» Exercise
Give the listing again in full and exactly, apart from its pictures.

» Data extract
· · · · · · ·

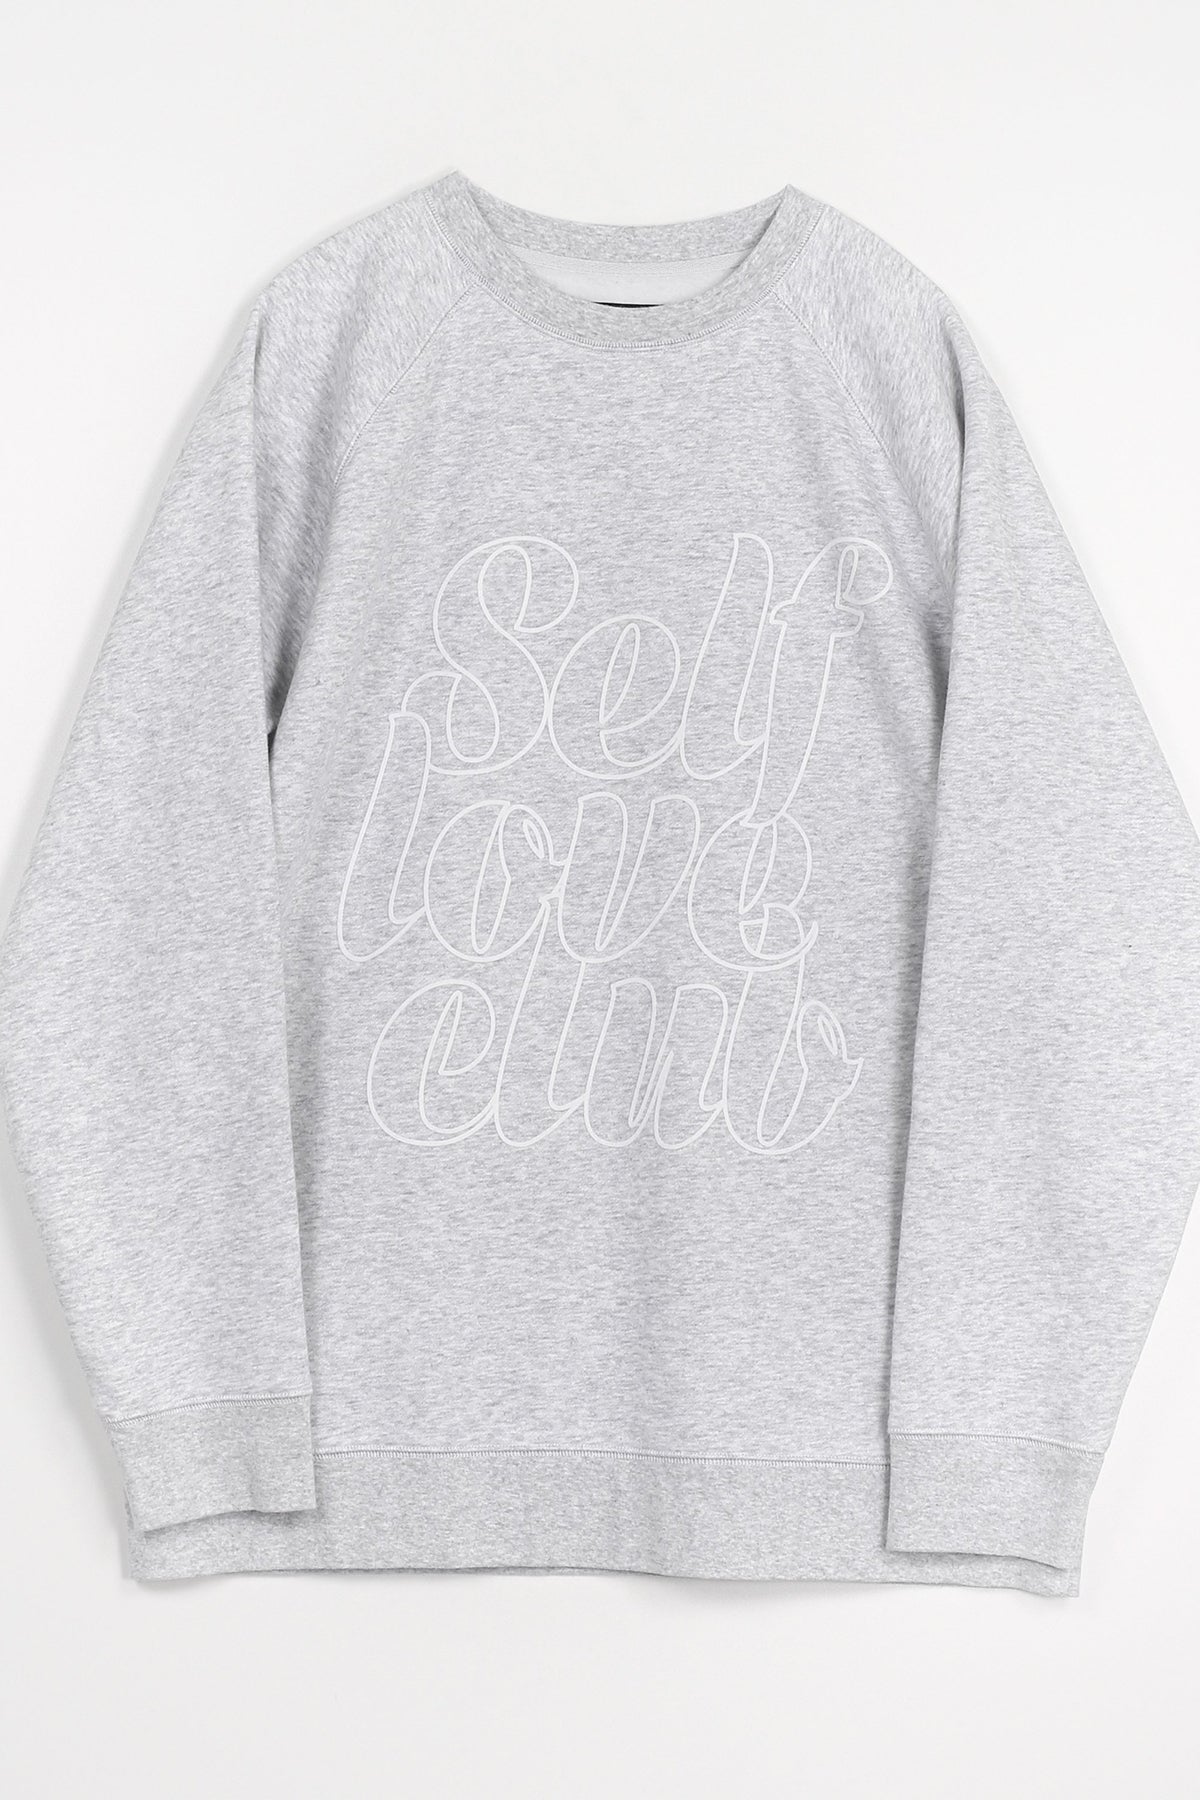 The "SELF LOVE" Big Sister Crew Neck Sweatshirt | Pebble Grey
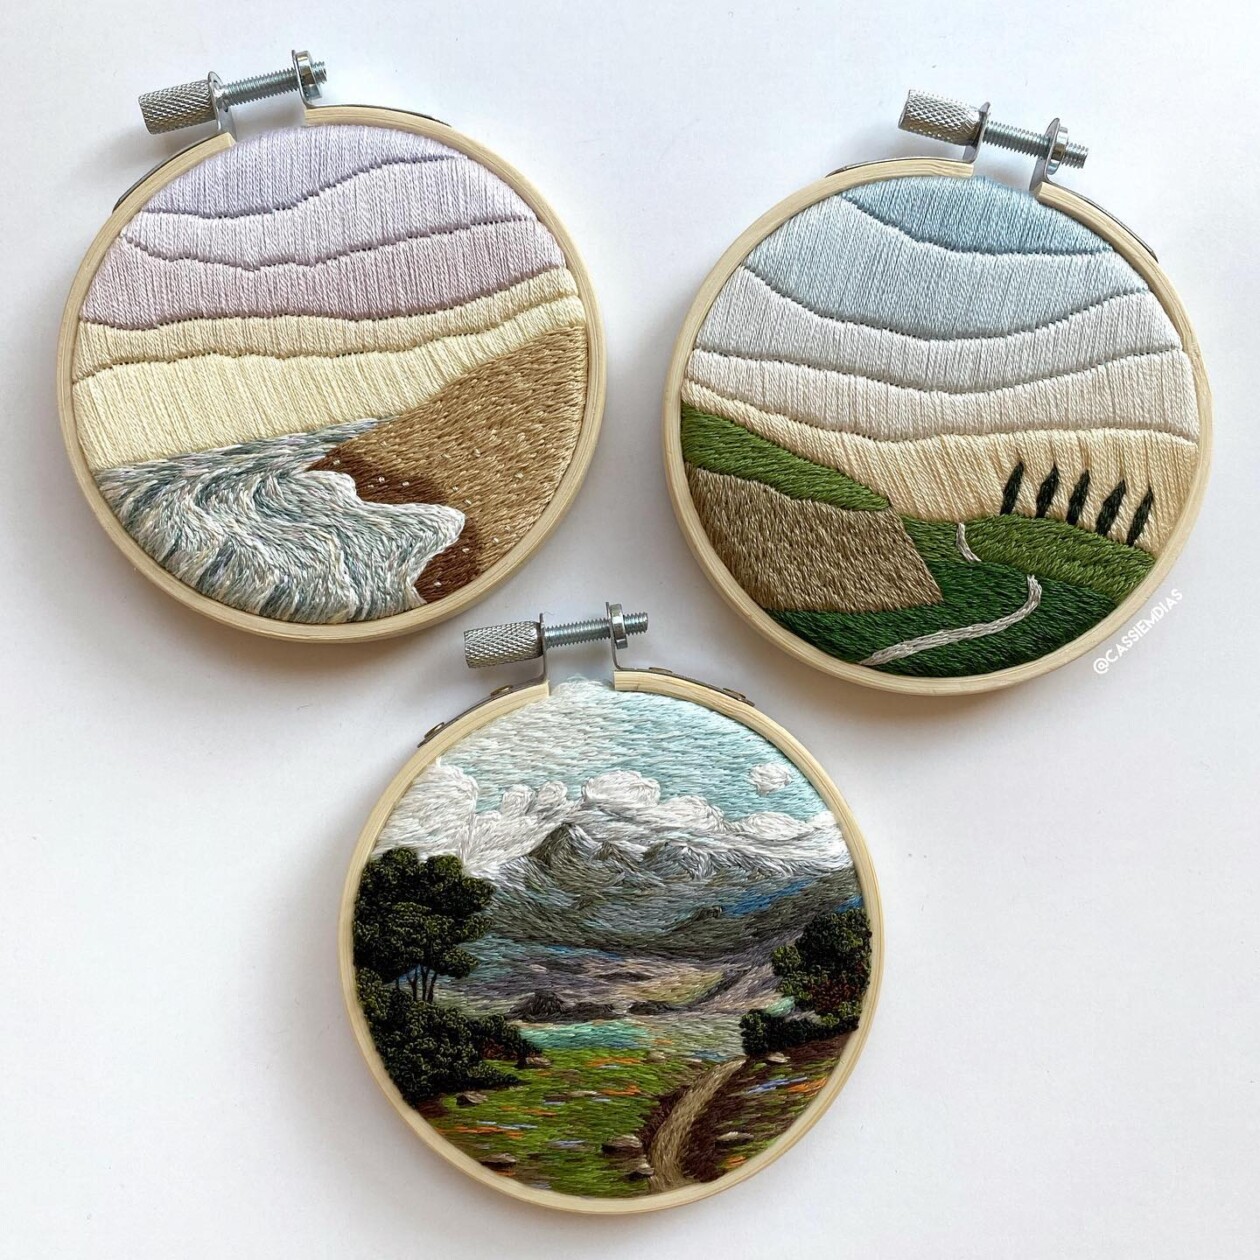 Wonderful Impressionistic Landscape Embroideries By Cassandra Dias (4)
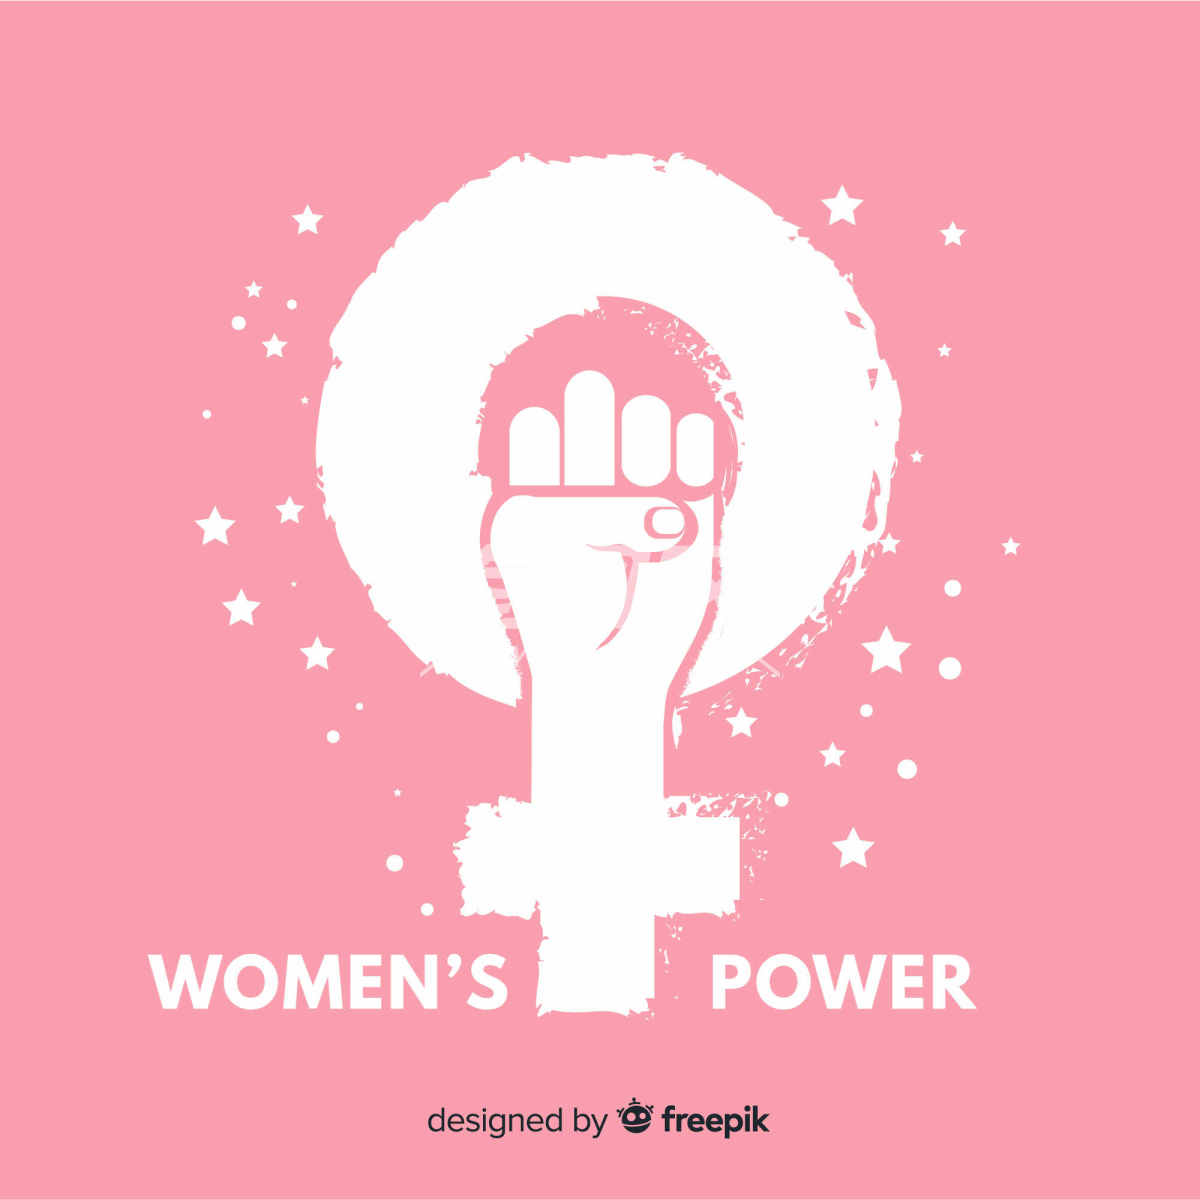 WOMENS POWER 的拳头象征

· · · · · · ·

» Solved exercise
 The "SELF LOVE" Big Sister Crew Neck Sweatshirt | Pebble Grey
 Wonderful Impressionistic Landscape Embroideries By Cassandra Dias (4)
 WOMENS POWER 的拳头象征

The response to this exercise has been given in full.